However, GFW’s findings support a trend that has been alarming tropical conservationists. In recent years, fires appear to be increasingly spreading into nearby rainforests. In 2020, for instance, 41% of major fires in the Amazon occurred in standing rainforest.
Deforestation and climate change have degraded and dried tropical forests, making them more prone to burning. As such, fire-related tree cover loss in the tropics has increased by roughly 5% (36,000 hectares, or 89,000 acres) per year over the past 20 years, accounting for around 15% of the global total, according to GFW analysis.
The risk of fire in the tropics is also heightened by El Niño events, which occur every two to seven years as part of a normal climate cycle. Because the Pacific Ocean is such a big driver of global atmospheric circulation, El Niño essentially shifts patterns of rainfall across the tropics, creating drier conditions across certain areas and making them more vulnerable to fire.
Can we reverse the trend?
A report released this year by the U.N. Environment Programme (UNEP) and GRID-Arendal predicts a global increase of extreme fires of up to 14% by 2030 and 30% by the end of 2050.

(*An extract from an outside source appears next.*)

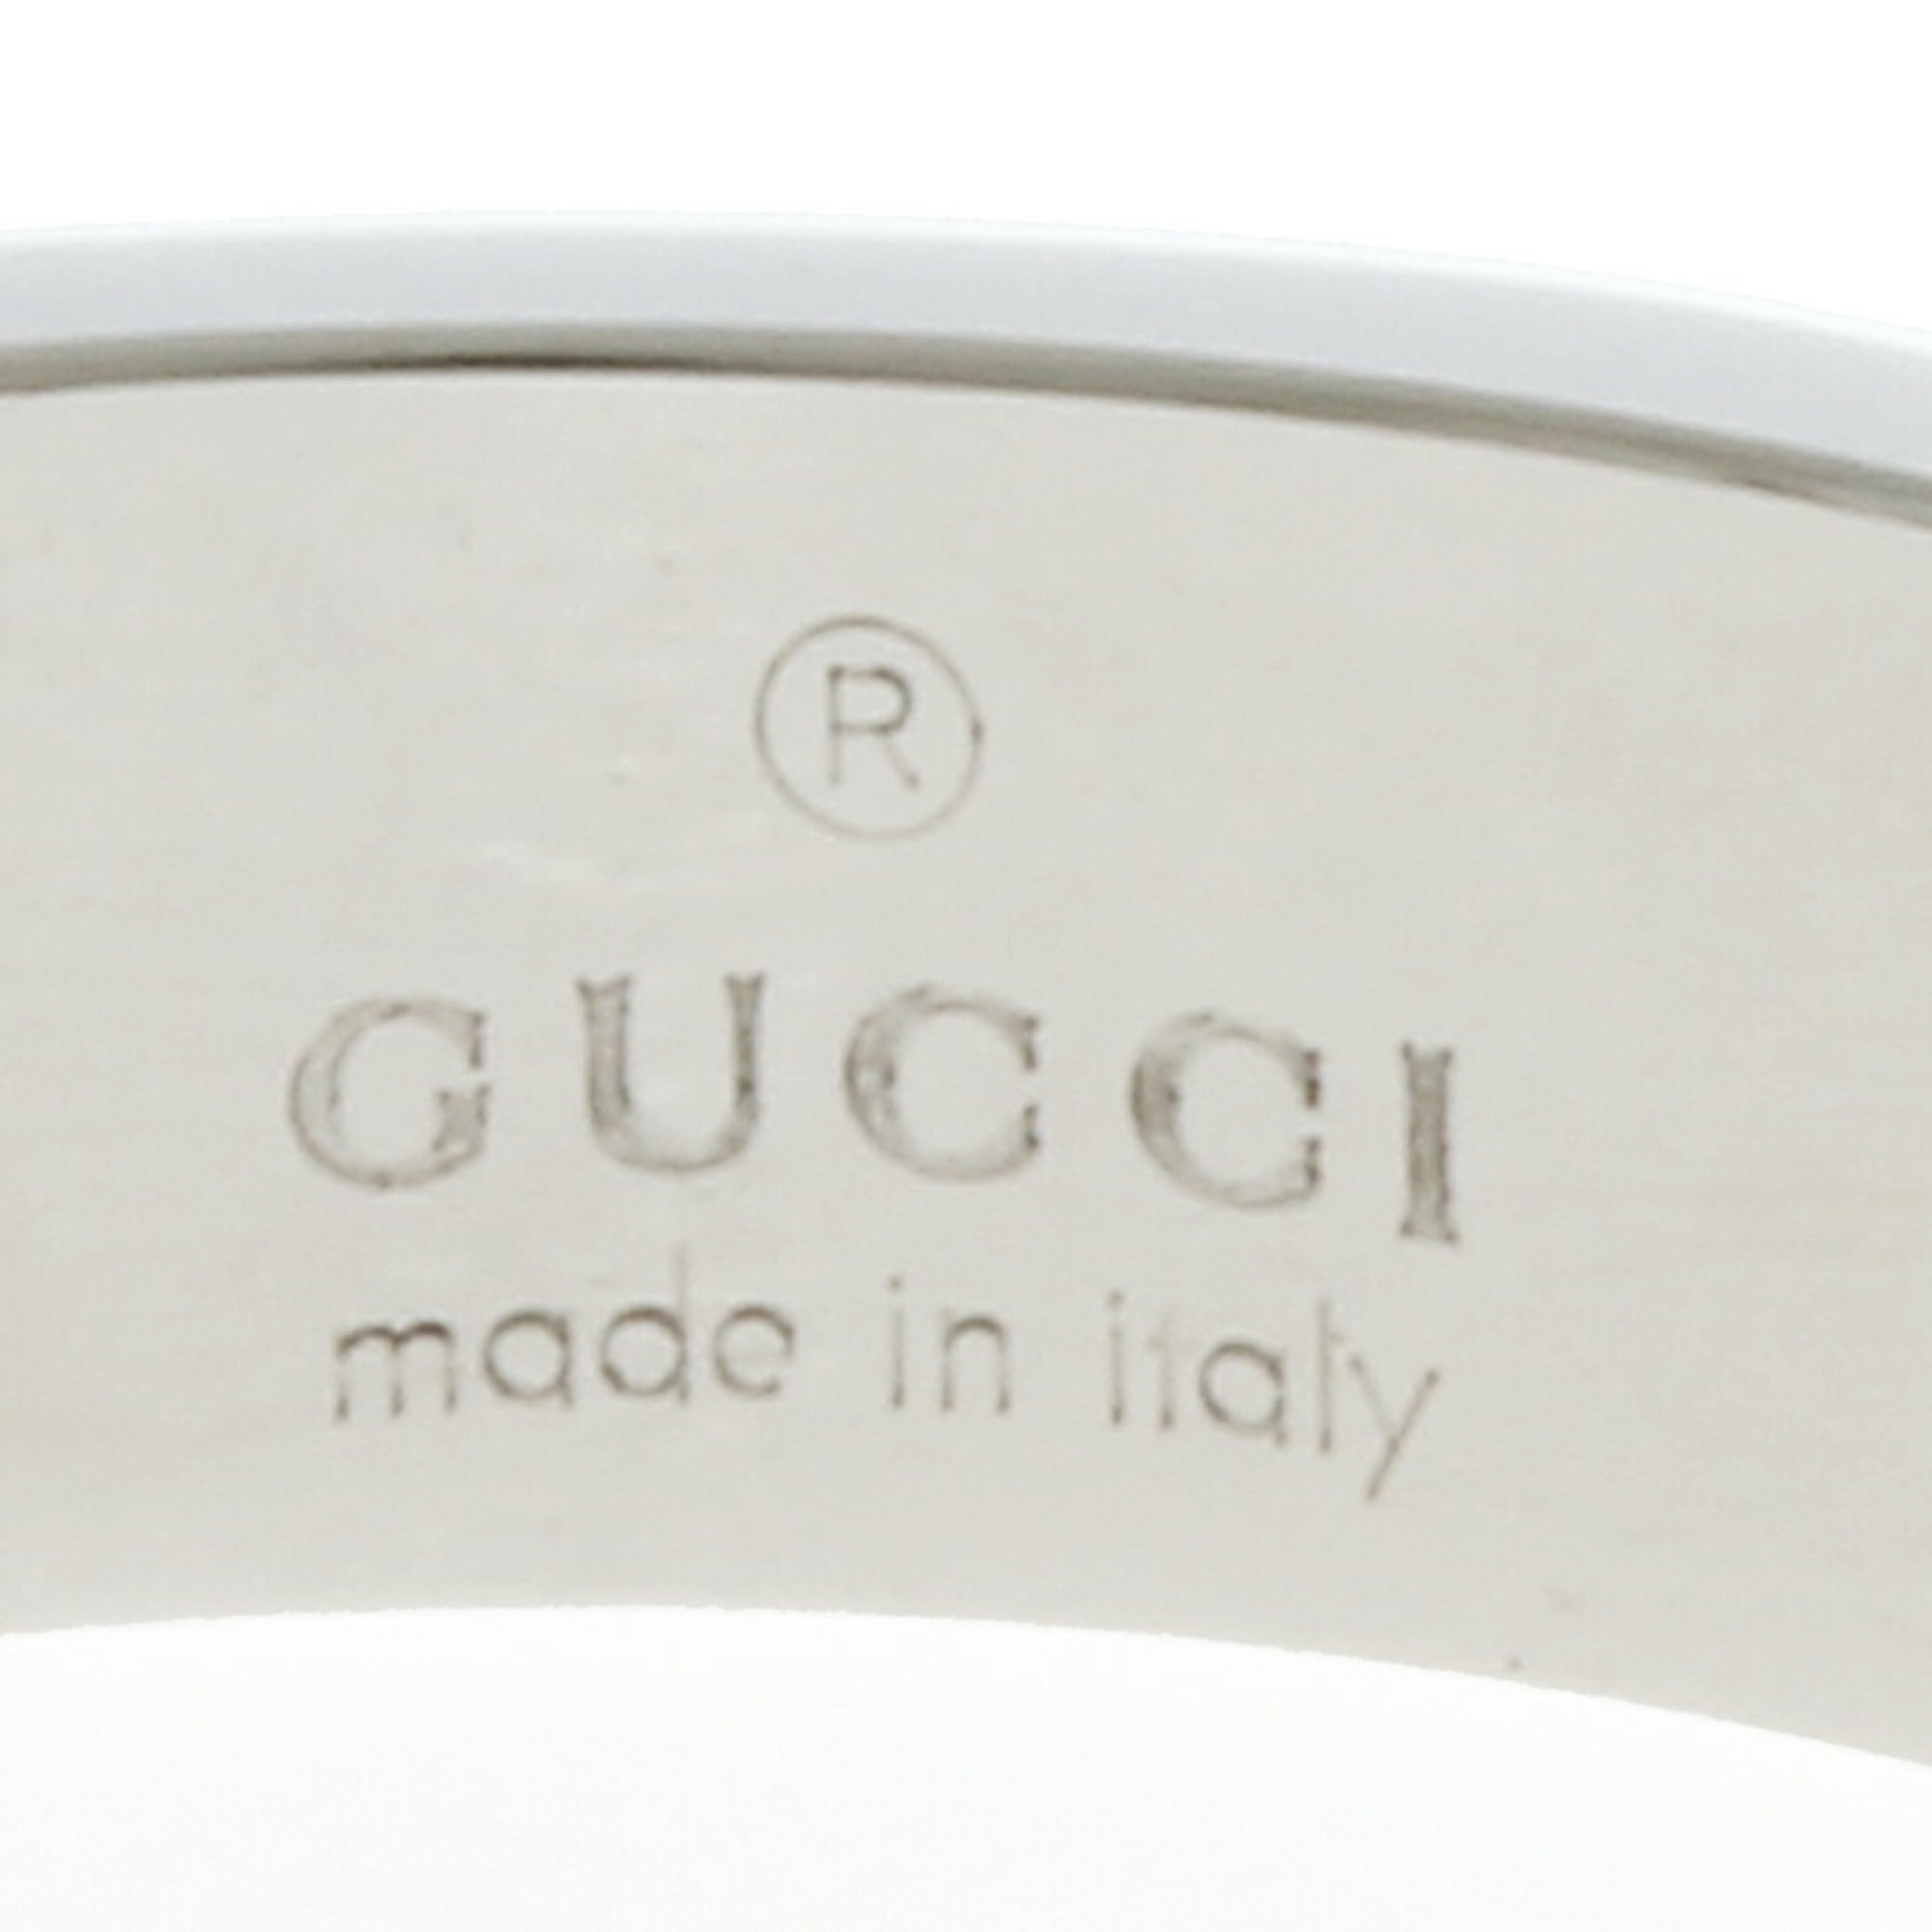 Gucci Ring No. 8.5 18K K18 White Gold Ladies GUCCI

The report calls for a two-thirds increase in “spending devoted to planning, prevention, preparedness, and recovery, with one-third left for response.” At the moment, planning receives less than 1% of funding.
“Current government responses to wildfires are often putting money in the wrong place,” Inger Andersen, the UNEP executive director, said in a statement. “We have to minimize the risk of extreme wildfires by being better prepared: invest more in fire risk reduction, work with local communities, and strengthen global commitment to fight climate change.”
For example, Morton said, an El Niño event tends to drive conditions where fires are more likely in predictable places. “Those are the kinds of events that we understand and can anticipate.”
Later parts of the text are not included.